The current park and mall were proposed by the Central Association (now Downtown Seattle Association) in 1968; they took 20 years to come to fruition. Multiple lawsuits were filed throughout this time and continued after the park's opening in October 1988. The project was marred by a design flaw, the so-called "Nightmare on Pine Street", that resulted in cracked granite pavers along Pine Street and into the intersection with Fourth Avenue. The city sued the designer and won an out-of-court settlement of $515,000, enough to cover the $472,000 repair and nearly equal to the cost of the original installation. Repairs began in June 1989.

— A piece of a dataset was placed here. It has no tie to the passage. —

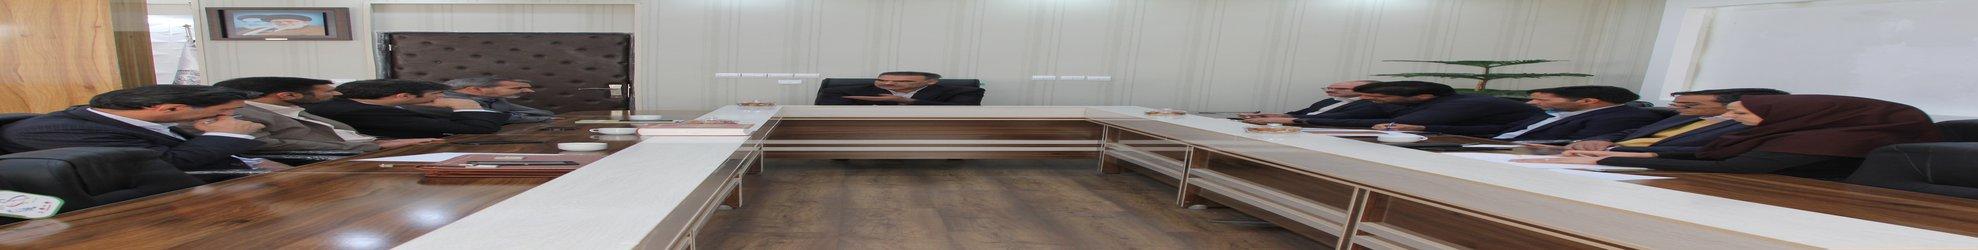 در اولین جلسه ویژه زیباسازی نوروز ۹۸شهرداری  مطرح شد: بیرجند برای استقبال از نوروز آماده می شود

After the pavers were repaired and the Downtown Seattle Transit Tunnel was completed in 1990, Seattle City Council decided to keep Pine Street closed to through traffic, making it effectively part of the park, and tying the park to the open area on the south side of the mall. However, Seattle citizens voted in 1995 to reopen the street, as part of a deal under which Nordstrom took over the flagship store of the former Frederick & Nelson department store chain, a city landmark half a block from the park. In the mid-1990s Westlake Park was the site of a string of guerrilla art pranks led by Jason Sprinkle and the Fabricators of the Attachment, culminating in an infamous bomb scare incident that closed off several downtown blocks.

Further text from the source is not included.